On the day I pottered round the old town again, but soon got nervous and headed for the port. On my overpunctual arrival at check-in, I was told to go to the car park where I joined the motorcyclists. On boarding I was directed by smart uniformed staff to my deck, where I was given my key. There were several young men wearing black trousers and white shirts and one was told to take me to my cabin. As I didn’t hand over my rucksack, he just pointed, telling me to keep going right back and turned around. He’d obvioisly been wanting to carry my luggage for a tip!

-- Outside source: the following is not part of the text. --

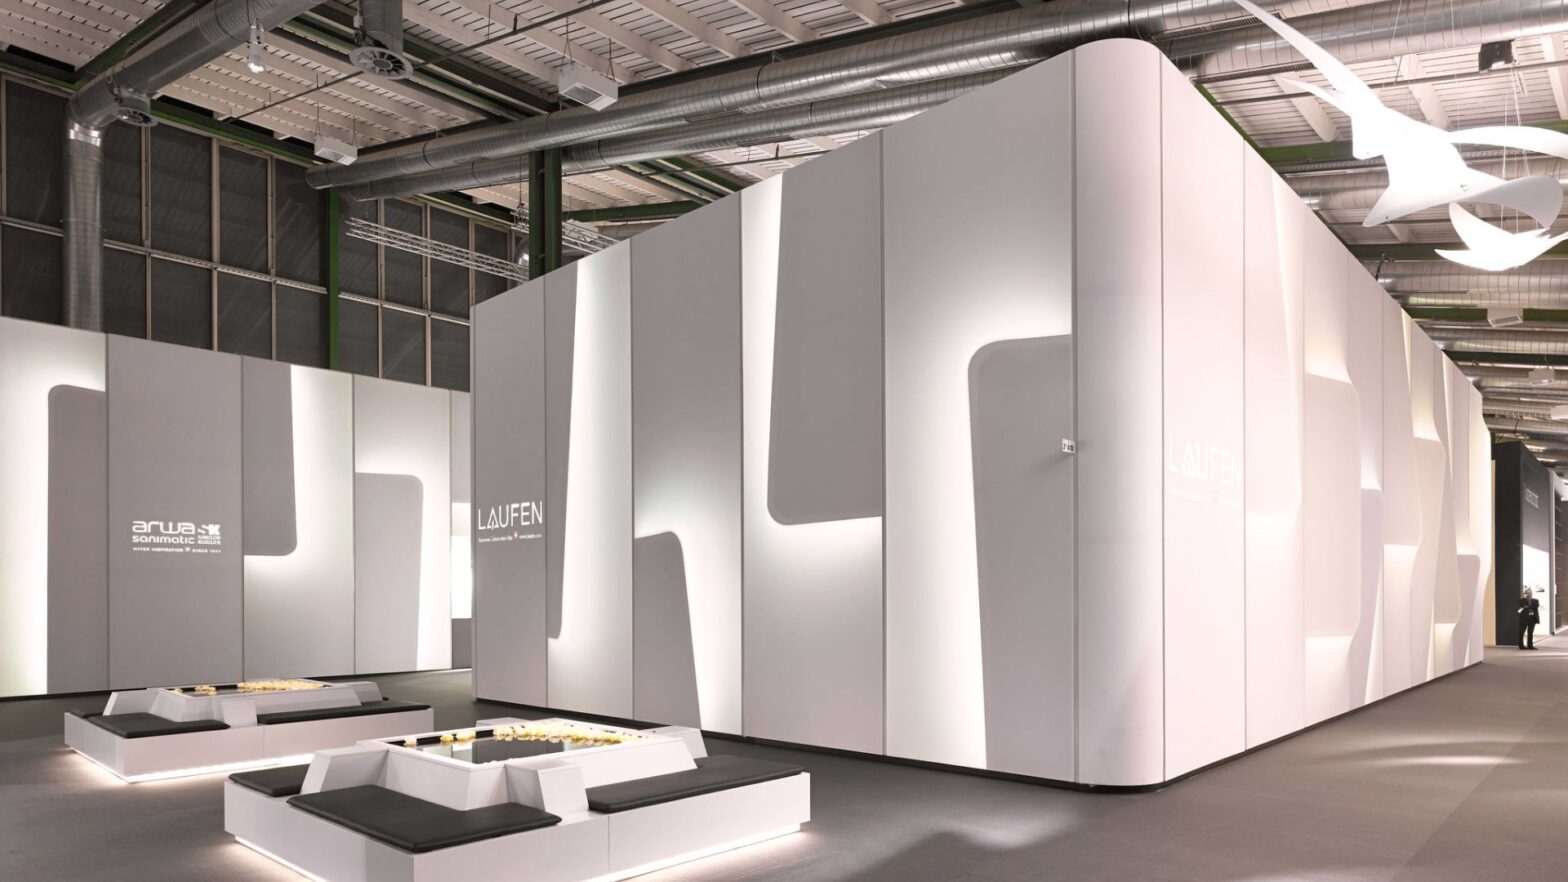 5 Innovative Ideas for Exhibition Stand Design in Dubai

I had just got into the cabin, in which only the 2 bottom births were made up, when the door opened and a younger lady came in – Lauren from Australia. We got on well instantly and ended up going for dinner together in the nice restaurant rather than the self-service. This being my last evening I went for the best steak.
The stairs on the ship were beautifully carpeted and I’d seen signs for swimming pool, exclusive fitness club, beauty salon etc. so I thought I was on a cruise ship. I set off really excited to find my way around and what a disappointment! The pool had rubbish in it and was covered with a net, through the parts of the beauty salon windows not covered in paper you could see a sofa and a load of metal crates and the fitness club had been turned into a mosque. Of more than two thirds of the passengers the ladies were wearing headscarves and the men long robes. On the deck where the rooms of pullman-seats were, people were lying on the corridor floors with sleeping bags and it smelt of urine. Lauren and I were so glad we had paid the extra to be able to lock up our stuff and have our own ensuite. Using combined efforts we managed to turn the air-conditioning down, as it was like a fridge at first. At night there was a turkish sounding disco directly under our cabin but thanks to earplugs I had an excellent night’s sleep!

As the ferry was due to land at 7, I was rather hopiong to get the 7:53 train, although I did realise that it would be a bit tight. However they announced in the evening that landing time would be 8:15 and that still hadn’t changed by the morning, probably due to the strong winds. In any case it took over an hour to disembark so I wouldn’t have made it anyway. This meant a 5 hour wait in Genoa which went extremely quickly. I had bought my ticket and was walking to the town thinking of coffee. Just as I came to a small cafe it started to rain, so I put the rain covers over my paniers and locked up my bike. I was hardly inside when the heavenss opened, so after the coffee I ordered a fresh orange juice, charged my phone and read a book. After a good half hour the sun came out and I had a very pleasant walk in the interesting old town. I don’t know how I managed to wander so far, but consulting the map I had picked up at the tourist office, I started to get a bit worried that I would miss my train. However I even had time for spaghetti in a quaint little taverna near the station.
The train journey itself was long but quite OK except for all the stairs at the stations and the high steps into the trains. (as opposed to Switzerland where there were ramps), but people were so helpful and assisted me carrying Bonny (*) with all her luggage. The change at Milan went surprisingly well, as according to Austrian rail I would have had a 2 hour wait, but the ticket clerk in Genoa had given me an earlier connection with only 7 minutes to change platforms. The hiccup came in Verona where I had nearly half an hour to change and even went for a coffee, while waiting on the wrong platform! When the train was called out nothing showed on the display, I looked again at the depatures board and had to go down stairs, run the whole length of the corridor and up another flight of stairs. I just made it, again with help, by the skin of my teeth.

My husband, Peter met me at Brenner and took me and Bonny home, where the were long red roses waiting on the table!

* Bonny was the name I gave my bike on my last trip to England.